Posted by editor 09/12/2013 0 Comment 3798 views

New Bridge

Befriending people in prison can improve their chances of reentering society successfully, discovers Figen Gunes. //

“Prison has a poor record for reducing re-offending. The re-offending rate is 46 per cent for adults in general. As for young people, 58 % of  those released from prison in the first quarter of 2008 were reconvicted within a year.  Befriending can be a powerful tool to reduce reoffending, “says Chris Thomas, chief executive of the New Bridge Foundation, the only national befriending service for prisoners.

What is unique to New Bridge is obvious to Thomas: “We will keep in touch with the prisoners if they asked for non-judgemental company. Average length of time for befriending is 10 years.
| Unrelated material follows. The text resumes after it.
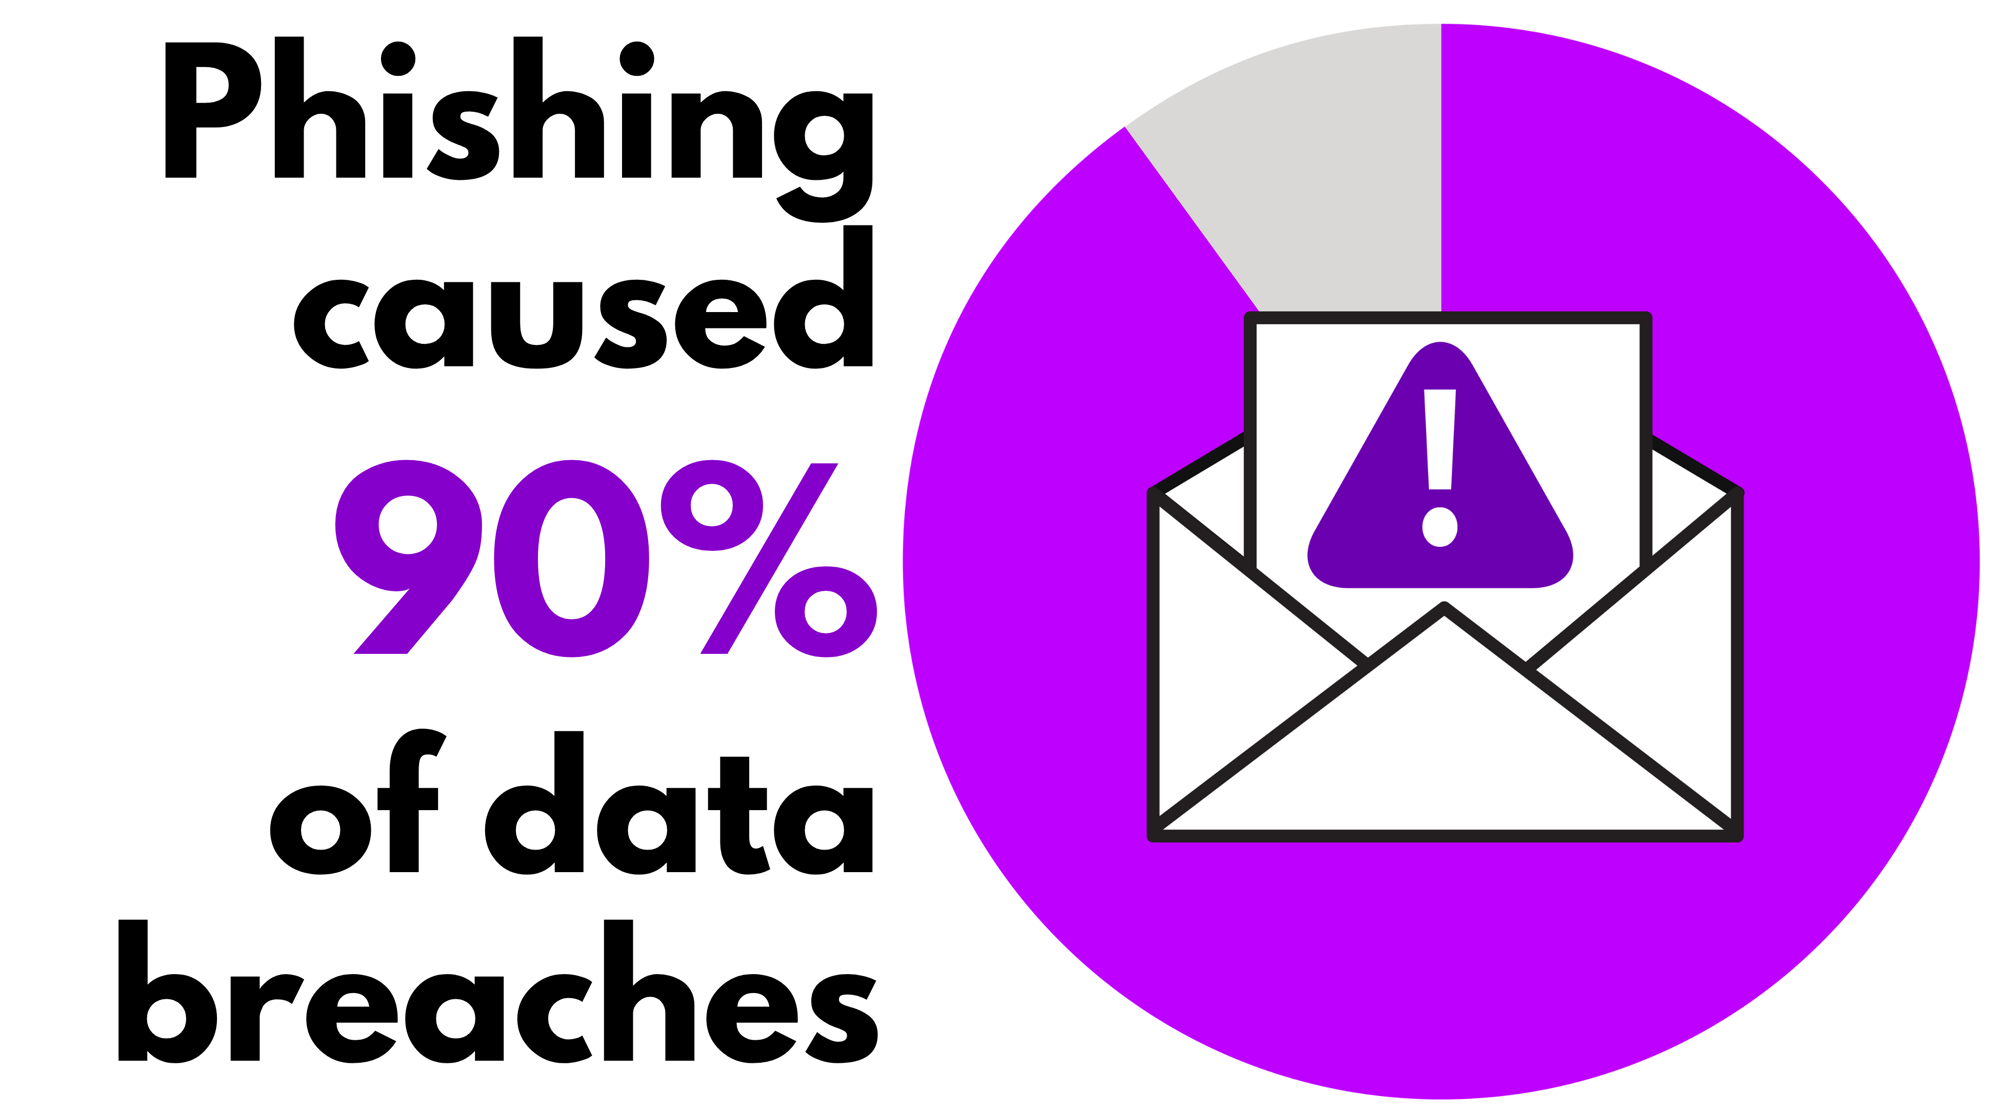 Phishing caused 90% of data breaches

Only a tiny handful of prisoners will never be released – most will be back in the community one day.”

Although academic research carried out by Birmingham City University concluded New Bridge’s service has been vital for offenders to reduce isolation behind bars, New Bridge is trying to survive amid fund cuts.

“Befriending helps offenders to be a better person. We knew that but until last year we didn’t have any hard evidence. The report by Birmingham City University confirmed that prisoners’ sense of self-worth is increased through befriending and it helps them to challenge their attitude to their offences and victims. Having a job or a house help but most importantly someone in the community can offer a positive way of life to inmates. It is easy to slip back and become a re-offender otherwise,” Thomas goes on.

According to the report carried out in 2012, 67 per cent of prisoners befriended by NewBridge are serving life or indeterminate sentences. 87 per cent said their expectations about the service reducing isolation had been either met or somewhat met.

“Meeting people out of my comfort zone is very enlightening and challenging me in a good way,” says Suzy Lamont, 63, one of the volunteers at New Bridge.  “I deal with offenders whose family disowned them and they have no one apart from prison staff and legal advisors.” Lamont says that for anyone who sees life in black and white, this is a great role to learn not to be judgemental. She has been part of the charity for more than five years and is in contact with two sexual offenders. Being a member of the Royal College of Surgeons she juggles work and volunteering. “One of the prisoners I befriend was abused as a child. It just shows how people can be lead to criminal activity through things they faced in their early years,” she adds.

New Bridge also publishes the UK-wide inmates’ newspaper  Inside Time which started in 1990 partly as a response to riots in Strangeways prison. After investigations, prisoners said they had no voice and no place to go to with their queries. That’s why several pages are given to prisoners to voice their opinions through their letters. Some prisoners are commissioned to write about their case stories.

Eighteen support groups based around the country engage 200 volunteers, of whom each befriend 2-3 prisoners. Each volunteer is asked to commit at least 18 months to provide stability for prisoners when they pass an interview process. Birmingham City University psychology and criminology students volunteer to gain experience in the field.

Short-term prisoners at HMP Brixton are supported by a “through the gate” programme at New Bridge which helps HMP Brixton them adapt to the outside world by creating a small community around them towards their release.

Another initiative of the foundation is a Learning Shop” which runs in Low Newton Prison, Durham. Two full time staff work there to provide a quiet place for vulnerable women to start learning. Courses offered cover personal development, reading and writing skills. Also, women are encouraged to record stories for their children, which are sent home, helping them maintain vital links with their family. Art activities are also a big part of life in the Learning Shop, with works submitted for Koestler Trust awards and participation in local festivals.

New Bridge was co-founded by the celebrated prison reformer Lord Longford. He befriended many prisoners during his long life, including Moors Murderer Myra Hindley.  He died in 2001.